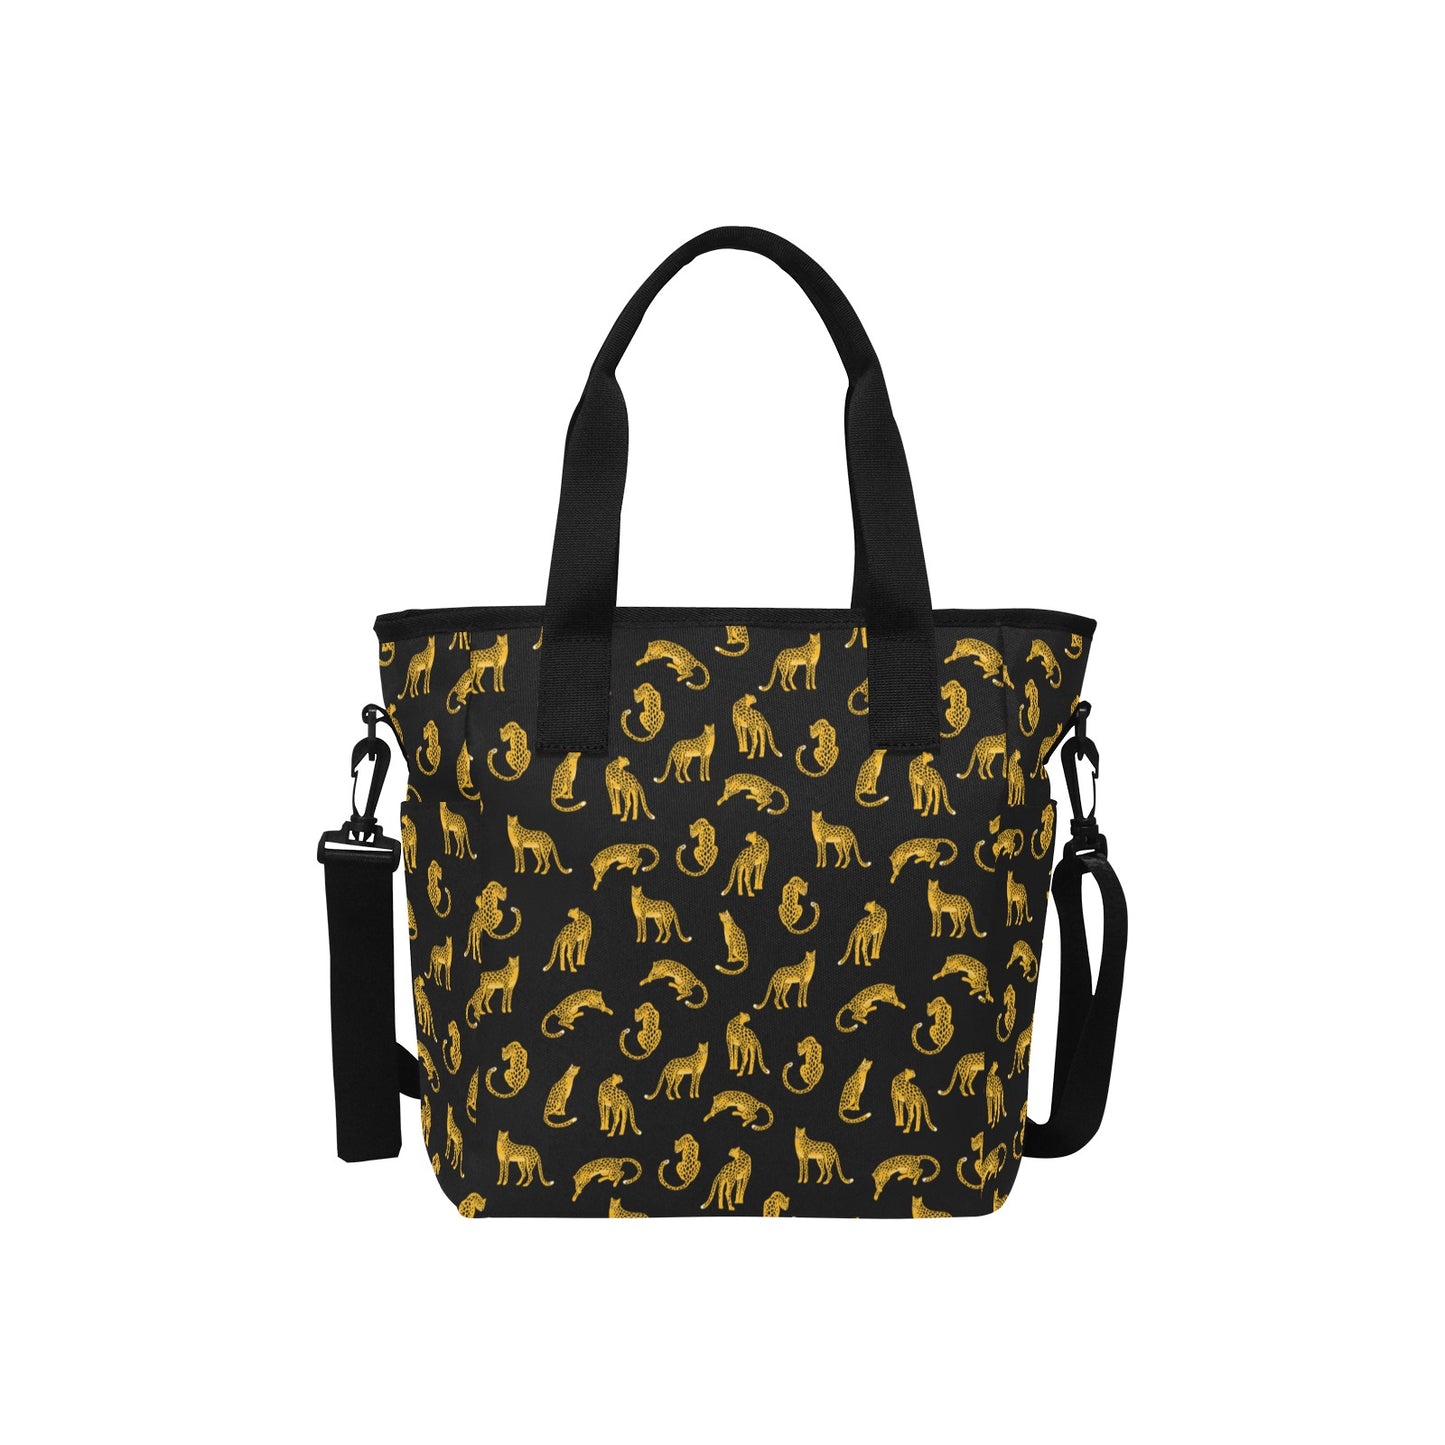 Leopard Canvas Tote Bag with Shoulder Strap, Animal Print Black Beach Summer Aesthetic Shopping Reusable Bag with Pockets
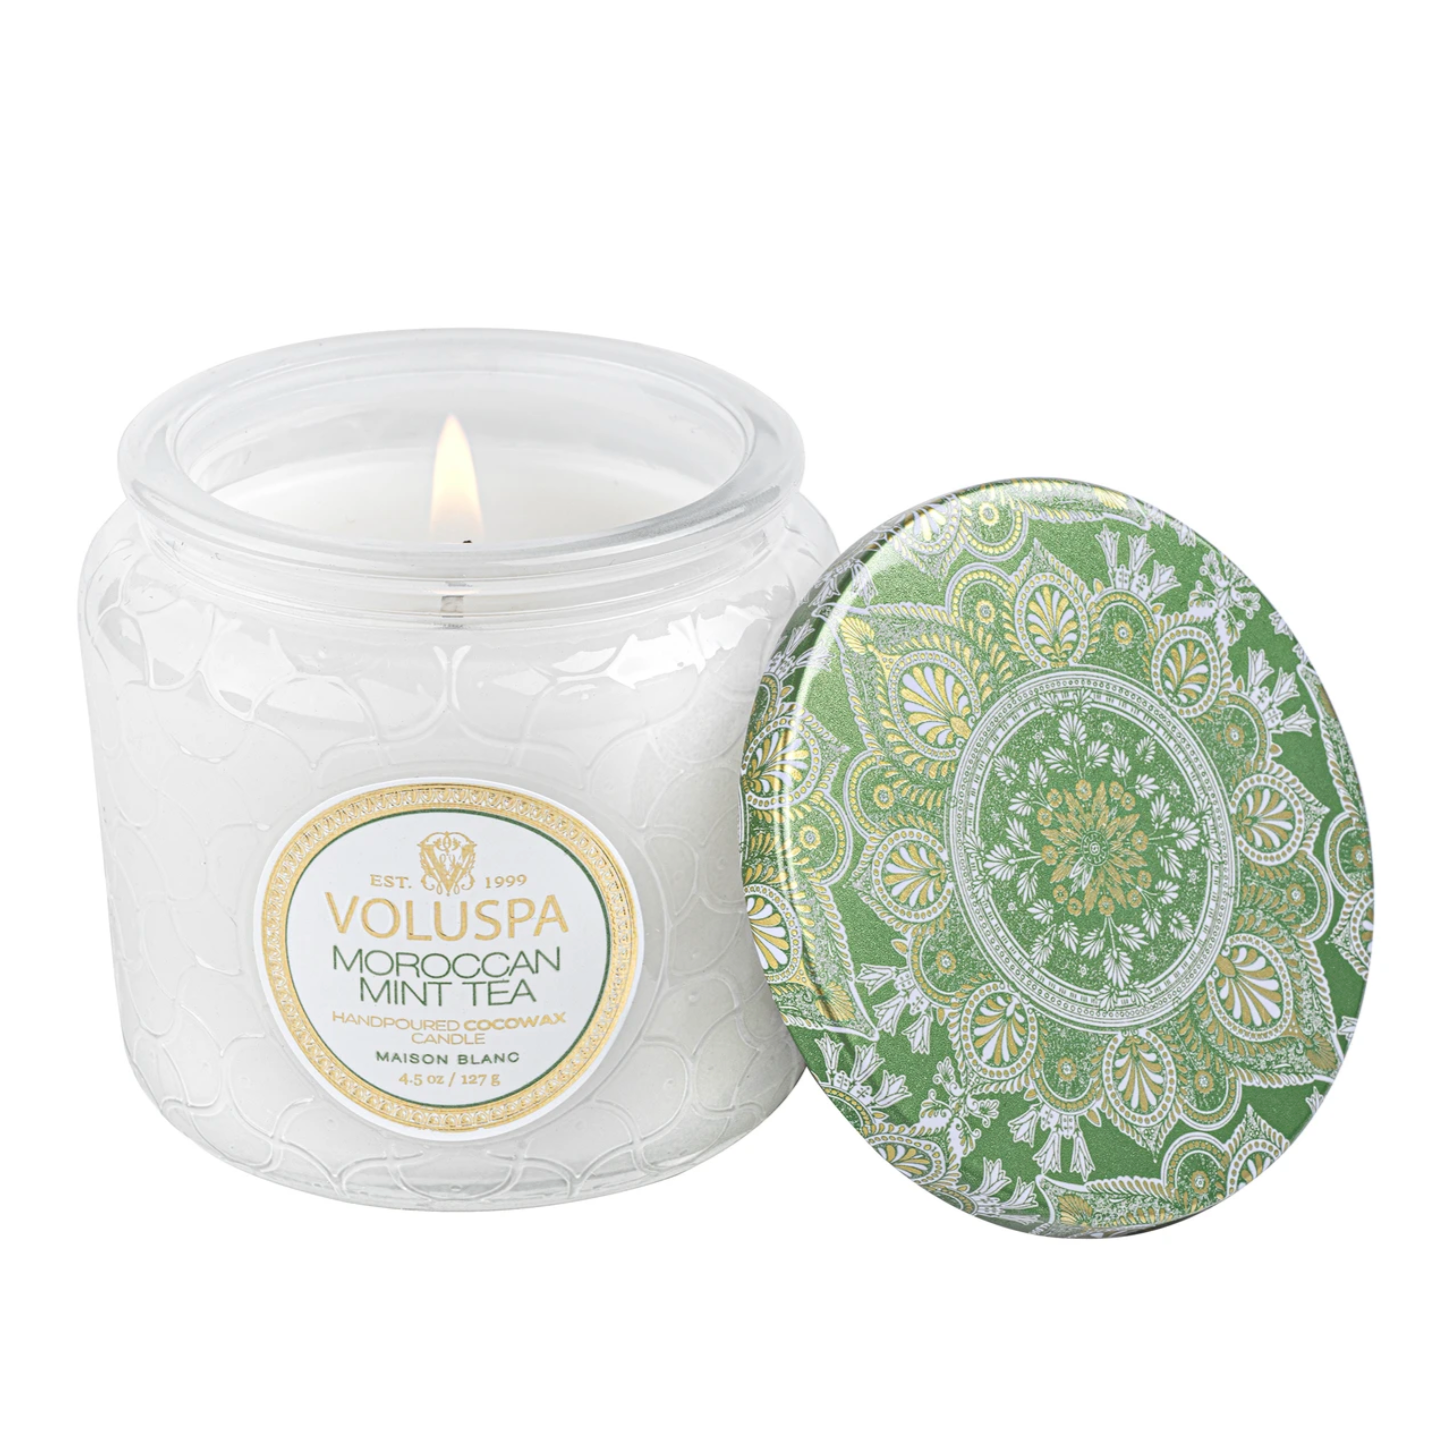 Small white candle with green and gold patterned lid tilted against the candle.
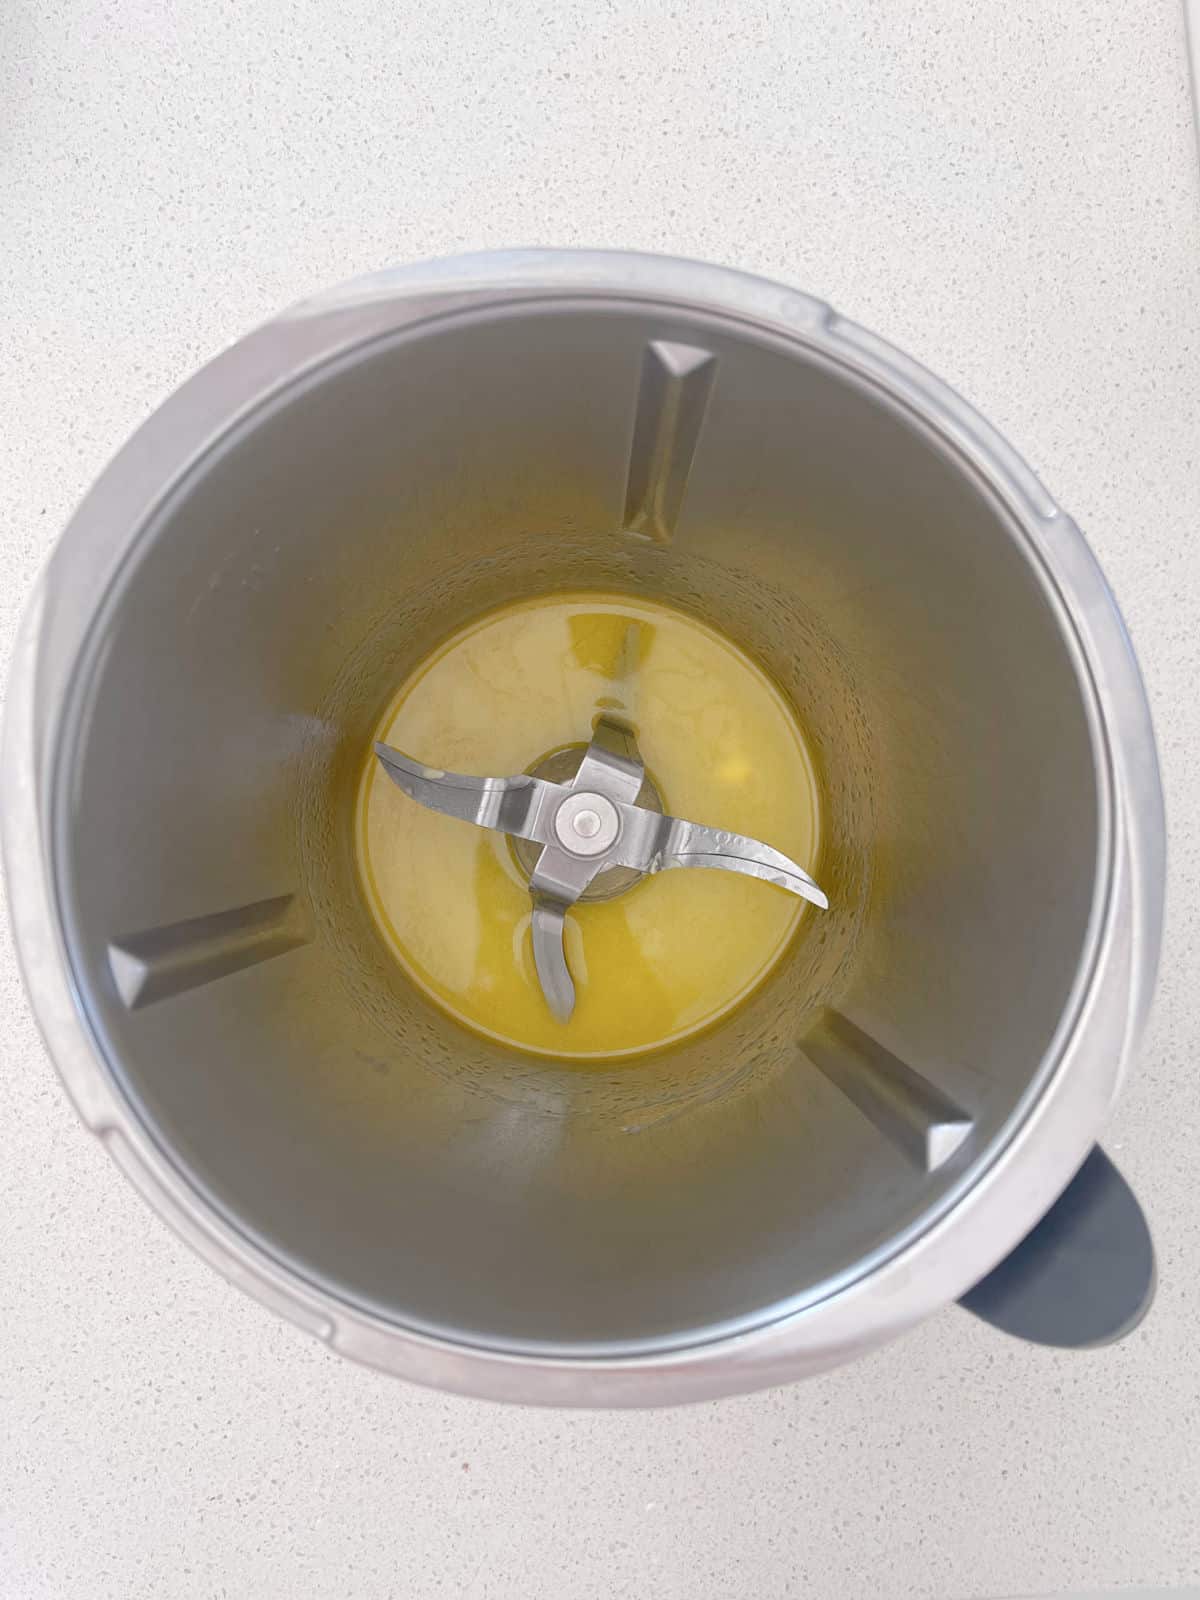 melted butter in a thermomix bowl.

···

_WHAT IS BEING ASKED_: Only the lines from the one with "Small white candle" through the last line of the listing belong in your answer; copy them exactly and skip the pictures.

_WRITTEN ANSWER_:
 Small white candle with green and gold patterned lid tilted against the candle.
 melted butter in a thermomix bowl.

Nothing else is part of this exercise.